Given records>
■ ■ ■ ■

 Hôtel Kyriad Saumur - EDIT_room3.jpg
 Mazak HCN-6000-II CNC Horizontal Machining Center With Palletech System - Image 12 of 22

■ ■ ■ ■

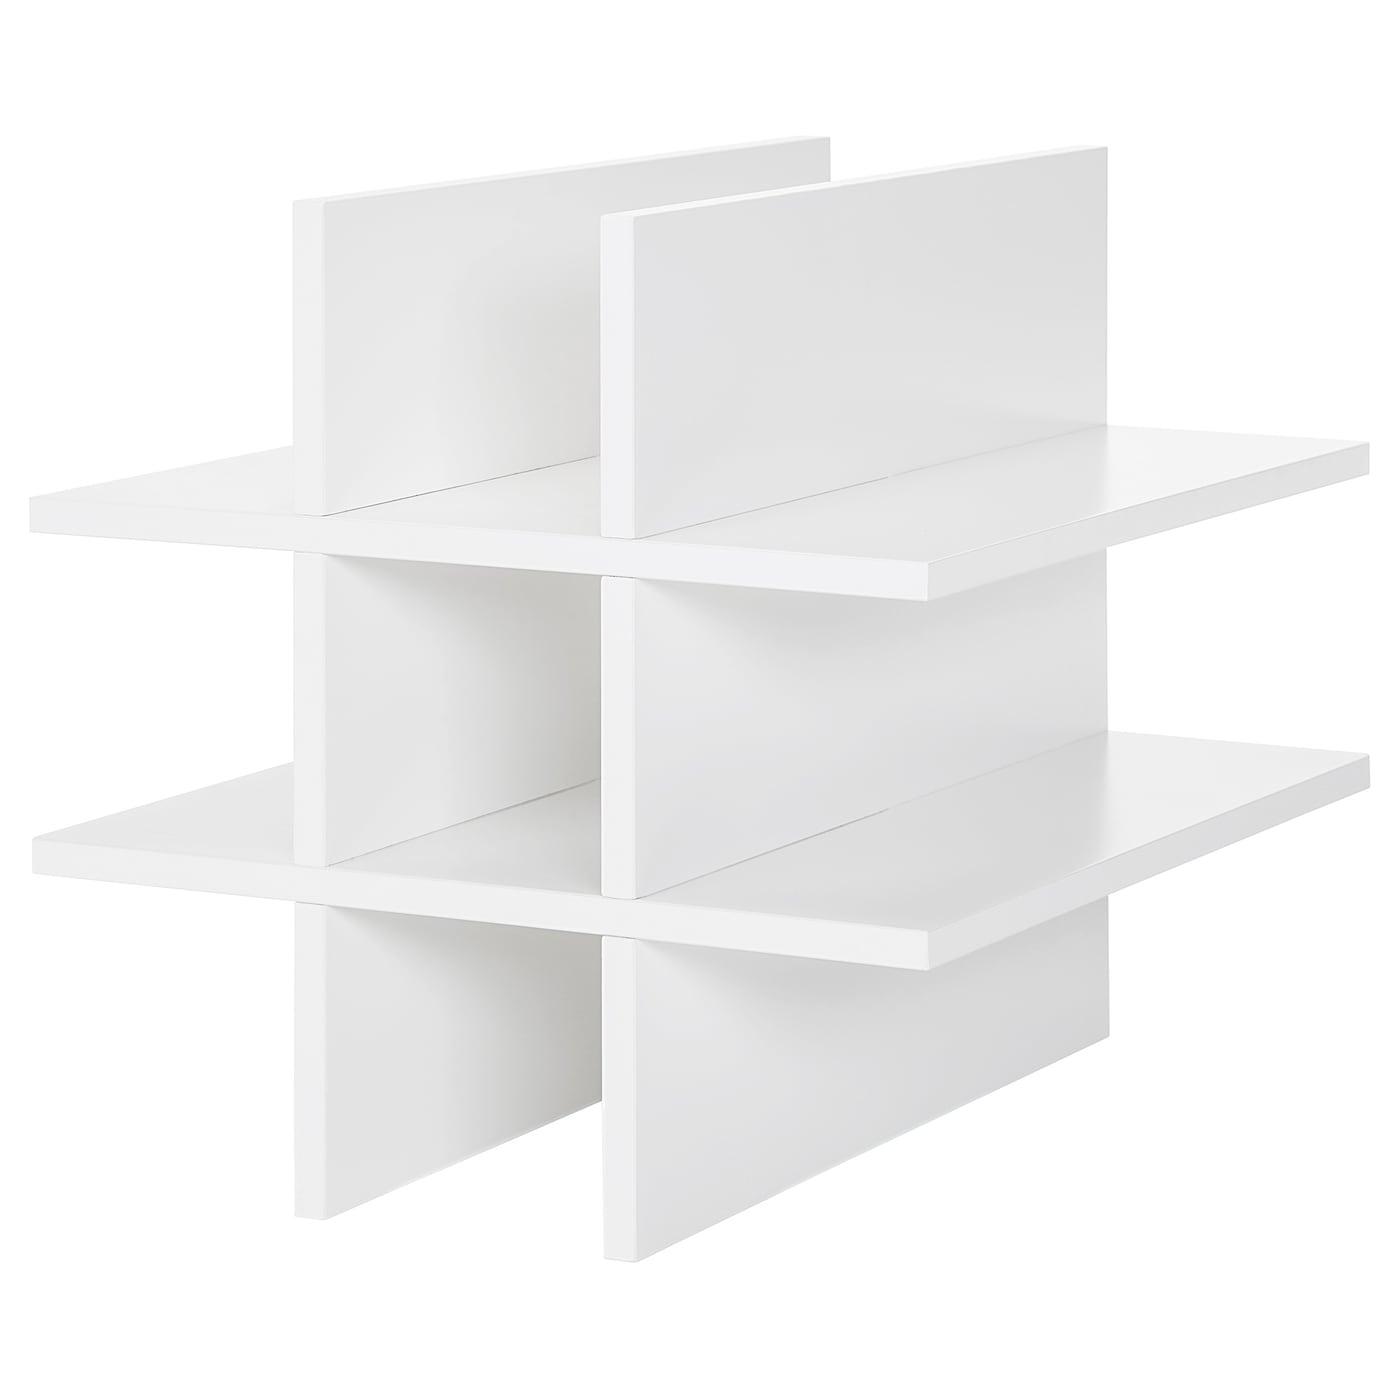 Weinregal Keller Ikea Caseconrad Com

■ ■ ■ ■

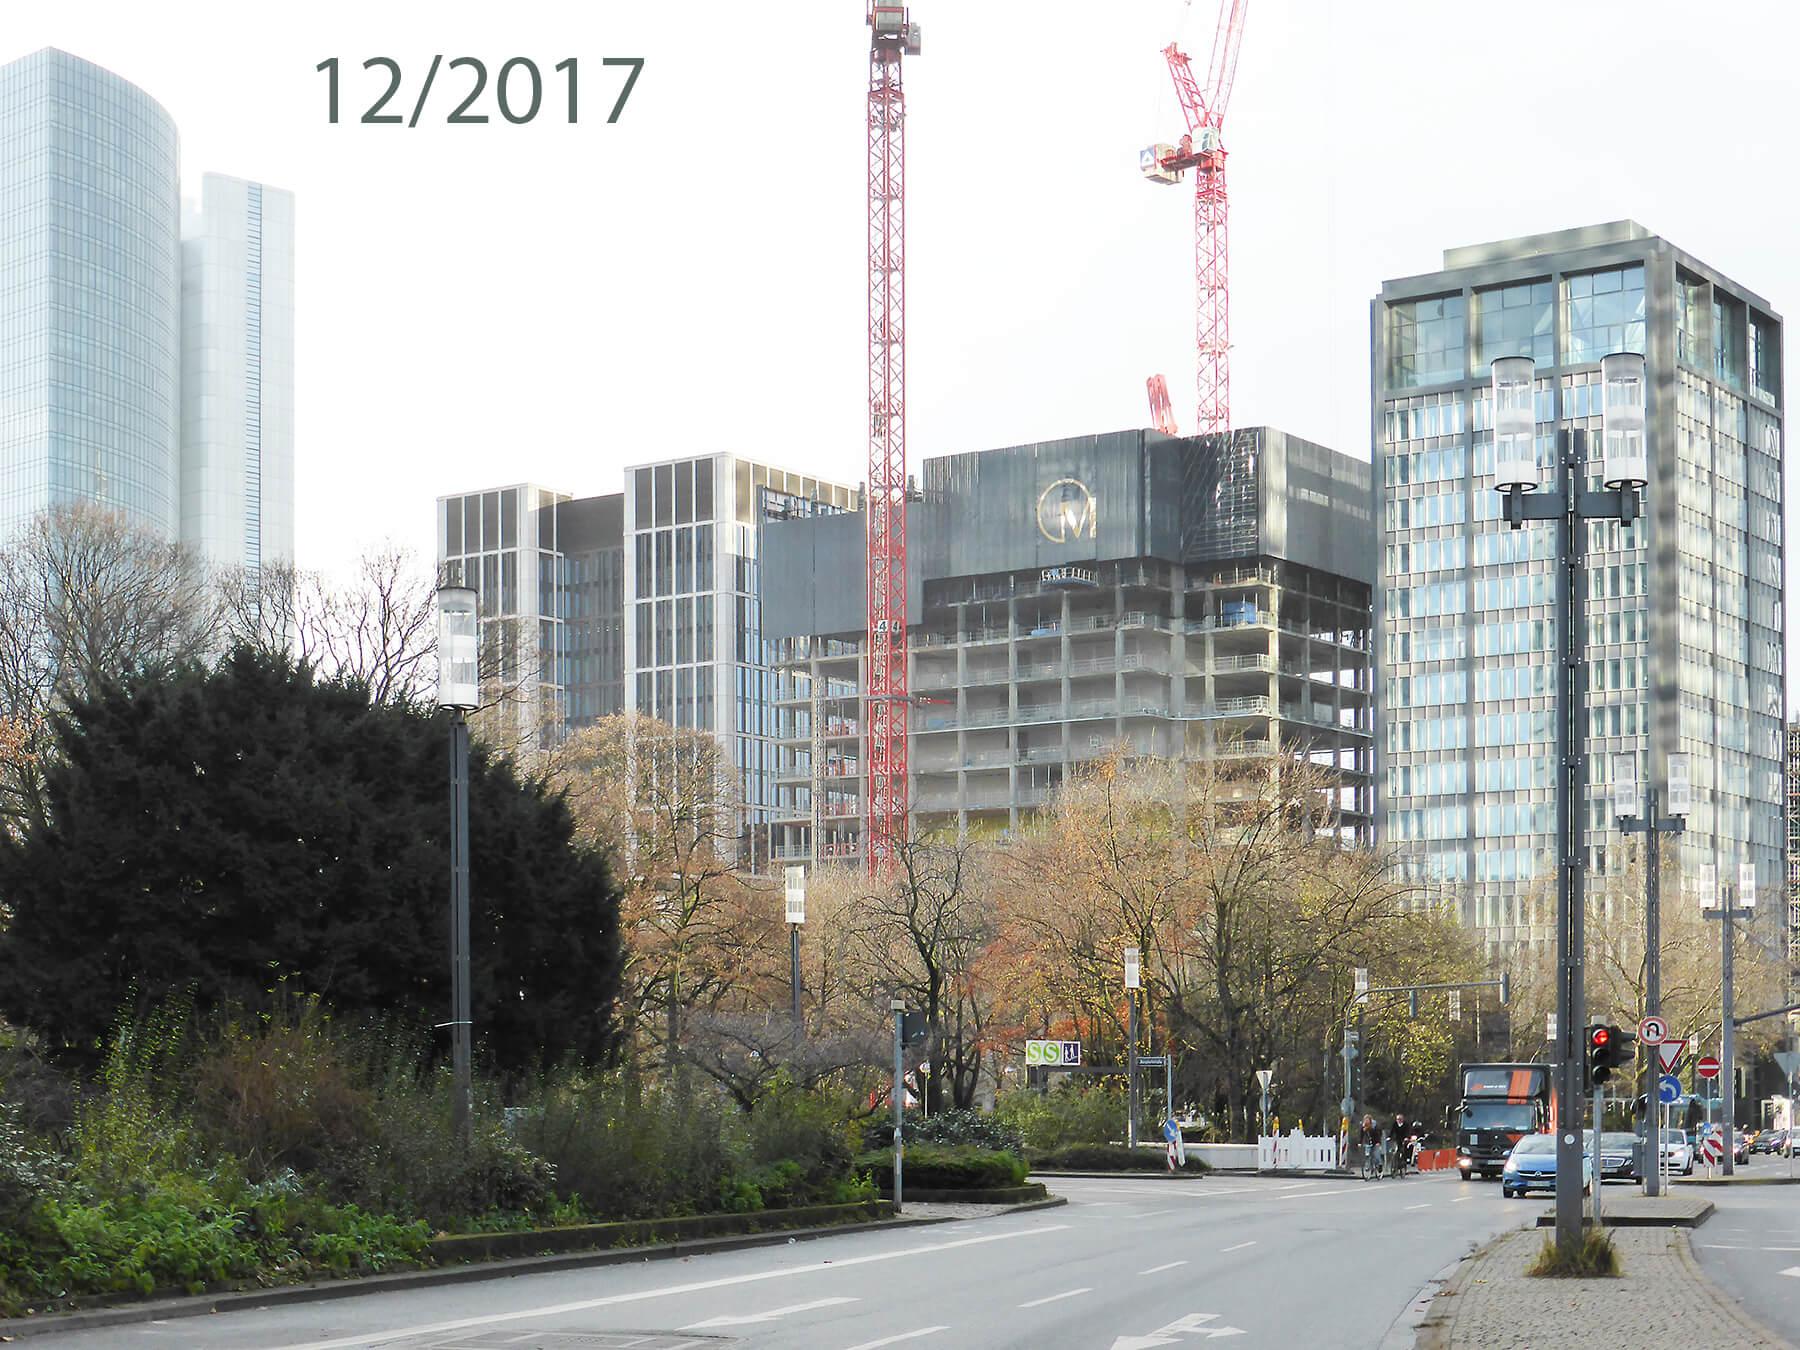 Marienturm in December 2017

■ ■ ■ ■

Work to complete> Where the listing above has a line with "Hôtel Kyriad Saumur - EDIT_room3.jpg", start there, and output every line exactly through the line with "Mazak HCN-6000-II CNC", which is also included.

Reply to the task>
 Hôtel Kyriad Saumur - EDIT_room3.jpg
 Mazak HCN-6000-II CNC Horizontal Machining Center With Palletech System - Image 12 of 22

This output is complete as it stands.